Is there any reason you particularly want to use LDH to test for cytotoxicity? There are a number of other measures which should be simpler without a kit

Here is a very simple LDH assay protocol. I apologize for the formatting (it's pasted from a word doc)

Extracellular LDH assay: Lactate → Pyruvate

Assay Buffer: 

686 µM                 MW: 505.7           Iodonitrotetrazolium chloride (INT)                       (Sigma#: I8377-1G)

291 µM                 MW: 306.3           Phenazine Methosulfate (PMS)                                                (Sigma#: P9625-1G)

1.35 mM               MW: 663.4           B-Nicotinamide Adenine Dinucleotide (NAD)    (Sigma#: N7004-1G)

200 mM                MW: 121.1           Tris(hydroxymethyl)aminomethane pH 8.2         (Sigma#: 252859-100G)
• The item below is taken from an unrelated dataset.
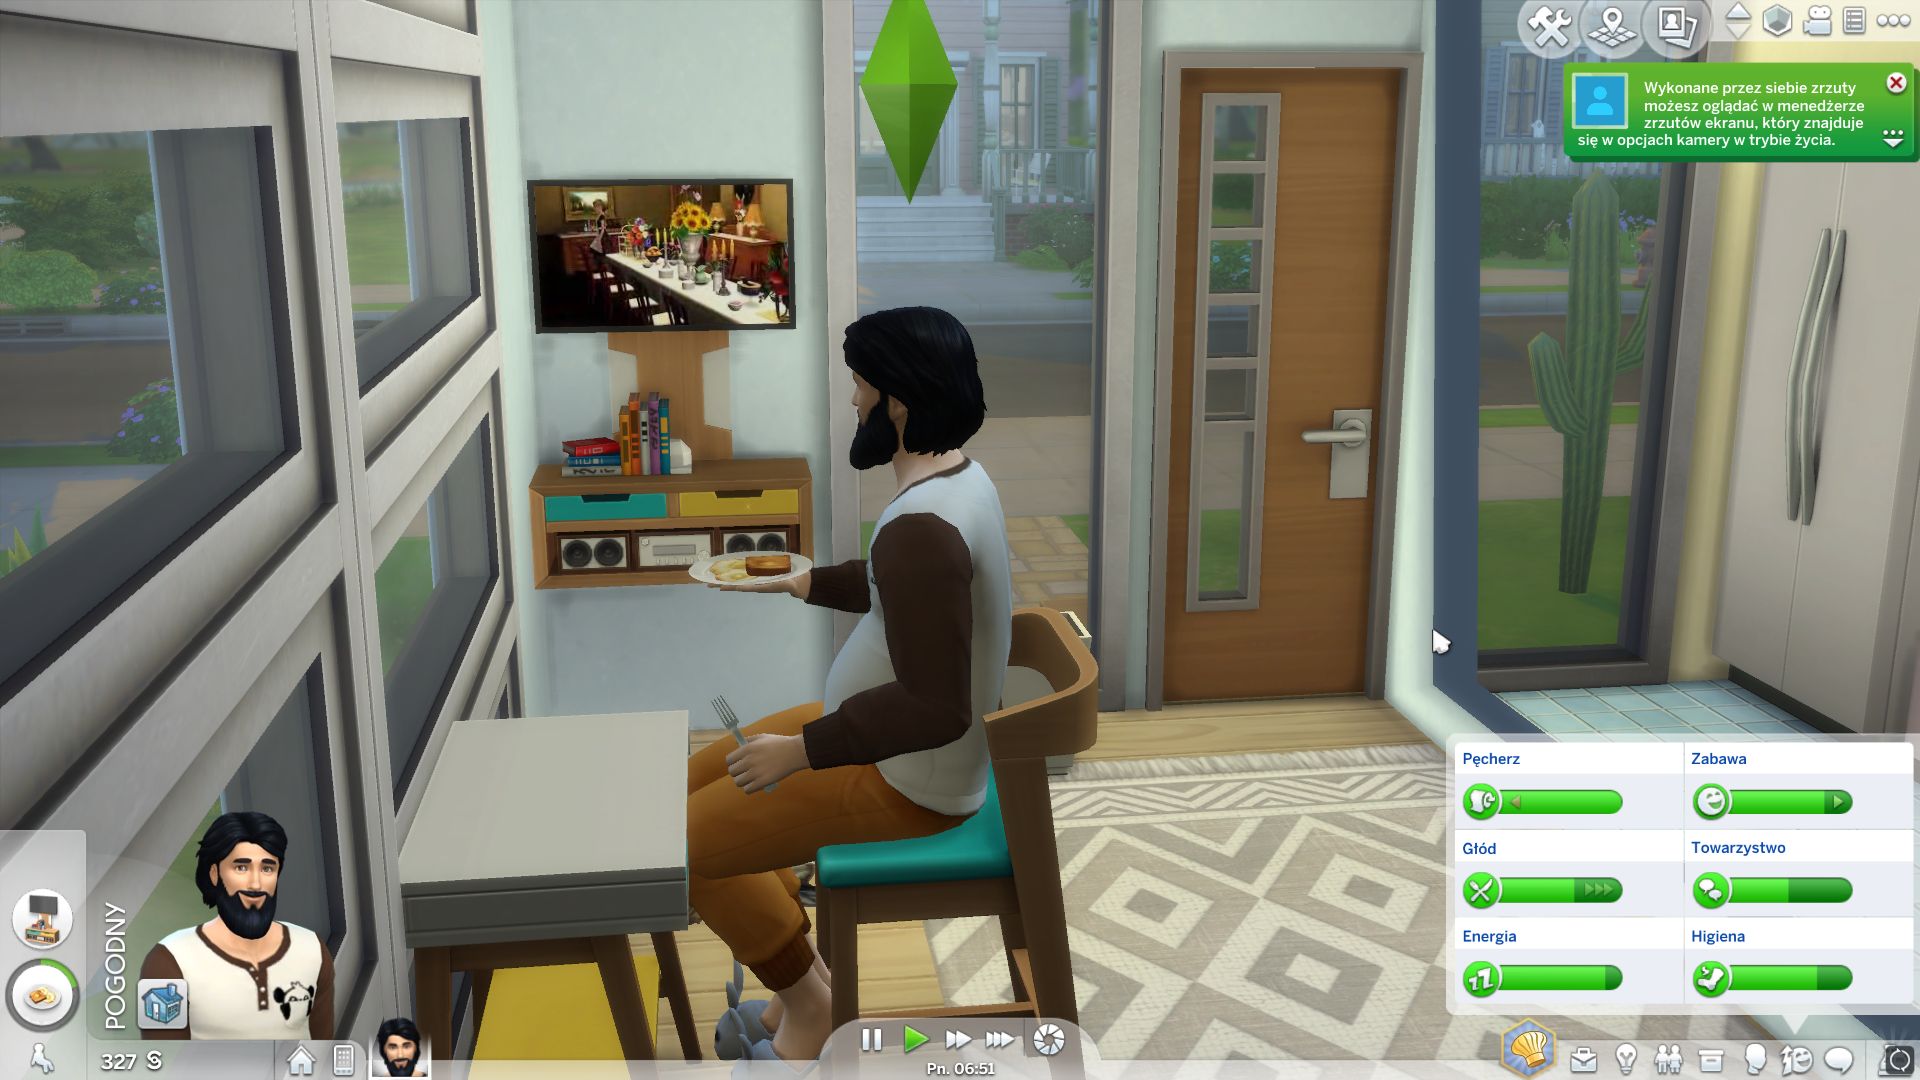 The Sims 4 Kompaktowe wnętrza recenzja dodatku

55.5 mM               MW: 96.0             Lithium L-lactate                                                              (Sigma#: L2250-25G)

Method:

___         Culture and treat cells according to experimental design

___         Remove media, centrifuge at 200 g for 5 min.
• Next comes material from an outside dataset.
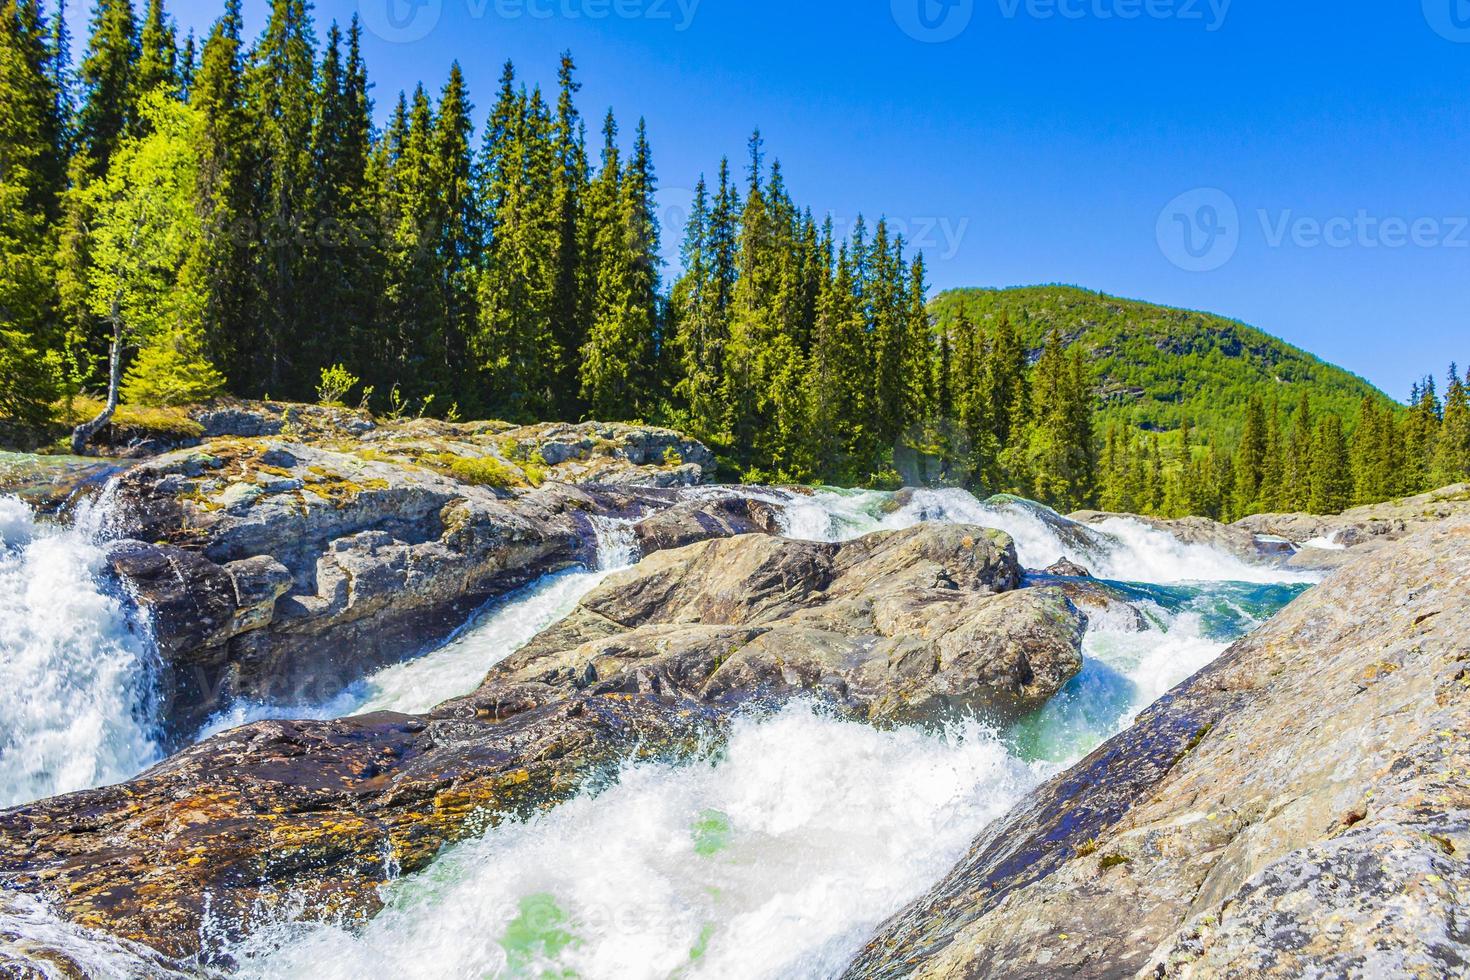 acqua di fiume che scorre veloce della bellissima cascata rjukandefossen hemsedal norvegia. foto

___         Transfer 30 µL supernatant to 96 well plate.

___         Add 100 µL/well Assay buffer and take multiple readings, (absorbance at 492 nm w/ background at 690 nm), within 1 hour.

Thank you very much!

Michael Nicholls How do you stop enzymatic reaction ? In kits, you have to add a stop solution after 30 minutes;

Thks !

By changing the pH value. Most kits use acetic acid (1M).